I'm going out for a walk now and enjoy some of Lorraine's sunshiney day.  Did I put "walks" down as one of the reasons I'm living here?  If I didn't, they are.  They ground me, make me feel a little Henry David Thoreau-ish.  I'm reading "Walden" now, by the way, and for the first time.  This came at the gentle urging of my friend Brian and the writer EB White, both of whom are big Thoreau fans.  In EB's case the nudge came from an essay of his called "A Slight Sound at Evening" which celebrated the 100th anniversary of the printing of "Walden" which he wrote in 1954, the year of my birth.  Like EB, I can go back and forth on "Walden" - I get tired of his harangues against society, in particular - but I do feel a kinship to Thoreau, especially on these solitary days when Richard's away.  Thoreau's experiment to cut himself away from the bustle of society and choose instead to be more closely aligned with a natural pace so parallels my life right now.  It's stunning at times.  And when Thoreau connects to what he's experiencing, what he's learning, what he had intended, there's a poetry and presence in his words that speaks to me directly.  "I went to the woods because I wished to live deliberately, to front only the essential facts of life, and see if I could not learn what it had to teach, and not, when I came to die, discover that I had not lived.  I did not wish to live what was not my life ... I wanted to live deep and suck out all the marrow of life."  And here's another passage for you, more famous perhaps.  "I learned this, at least, by my experiment: that if one advances confidently in the direction of his dreams, and endeavors to live the life which he has imagined, he will meet with a success unexpected in common hours."

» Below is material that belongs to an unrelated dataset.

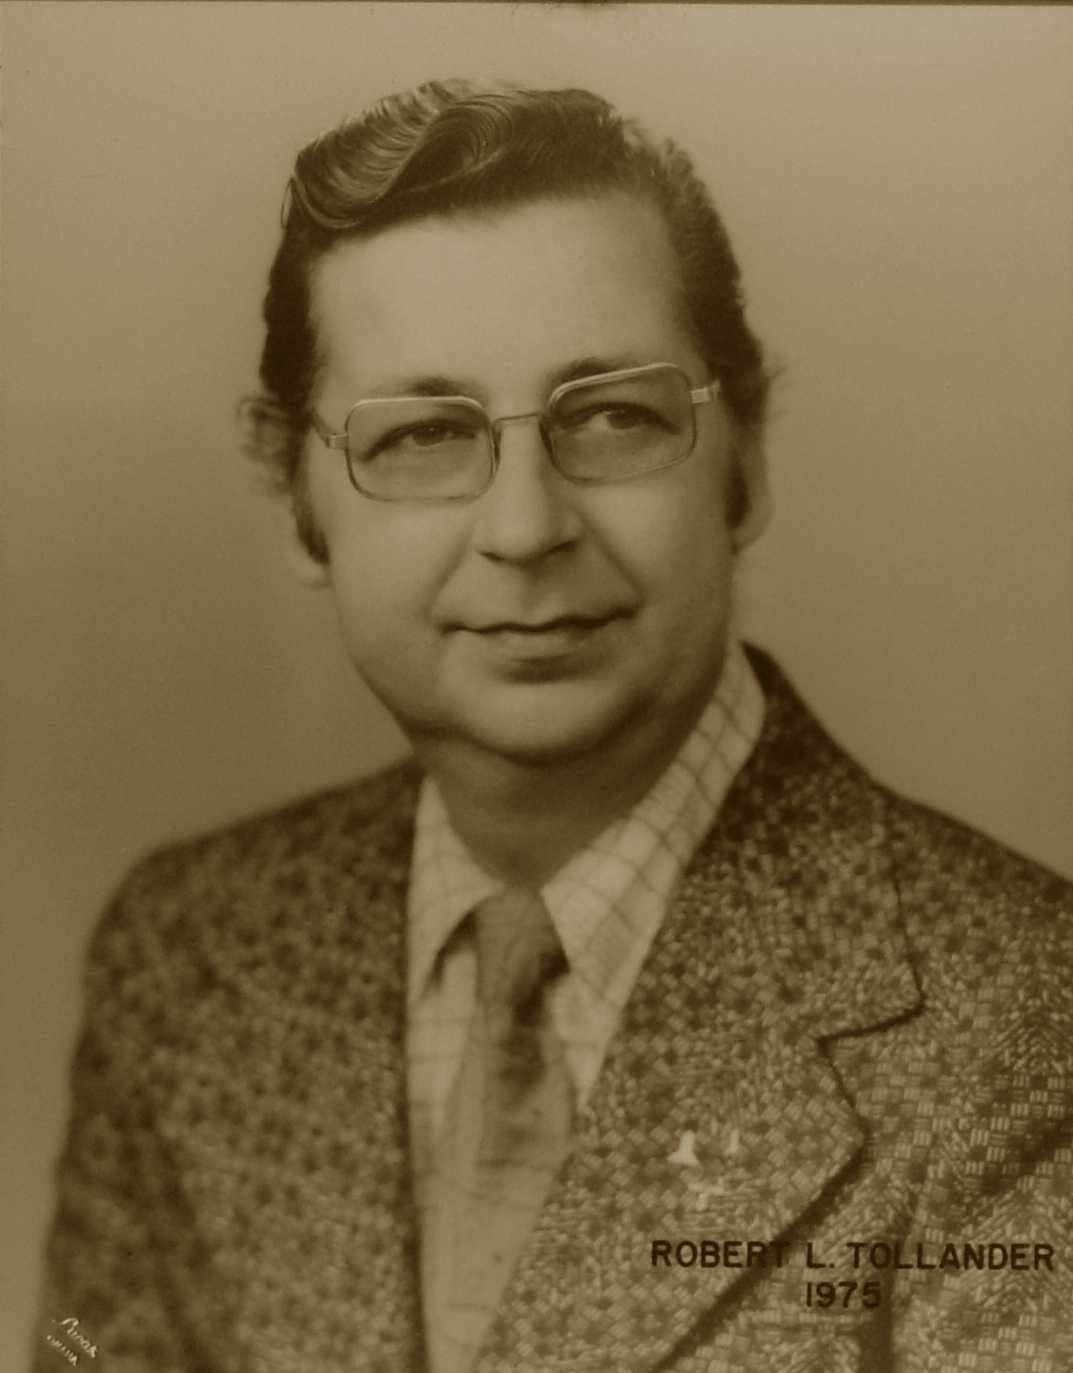 Robert L. Tollander, 1975

I don't know if I've ever known the direction of my dreams or whether I have an imagined life that I endeavor to fulfill.  Of course there have been things I've wanted, that I've gone after, but all in all, I don't think I'm a good one when it comes to clearly identifying my dreams and goals ahead of time.  They seem to find me, and through the experiencing of them first hand then I realize that they're my dreams.  I've spent a long time questioning that natural process and many times labeling it deficient, telling myself that I SHOULD know my dreams, that something was WRONG if I didn't, that I'd better buck up and get with the program.  But I'm realizing that this is what my trip to the woods may be teaching me, that there is a way, MY way, my NATURAL way, not to be questioned, but to be nurtured and appreciated.  I don't have to harangue against the way other people live their lives, how they set and meet their dreams and goals.  That's their business.  But maybe rediscovering and accepting my unique way of living is my particular beat to a different drummer, maybe this is what keeps me from a life of quiet desperation.  So I allow it to find me, I take my hands off the controls, I open to it, I welcome it like an unexpected phone call on a Sunday morning or a shipment of baby chicks that need to warmed and cared for. 




2 comments:

Anonymous said...

Dan, thanks for sharing this with us.
Craig

Anonymous said...

If these writings were in a book, I would read a chapter every morning. Thank you for making me appreciate the silence in the Pocono Mountains.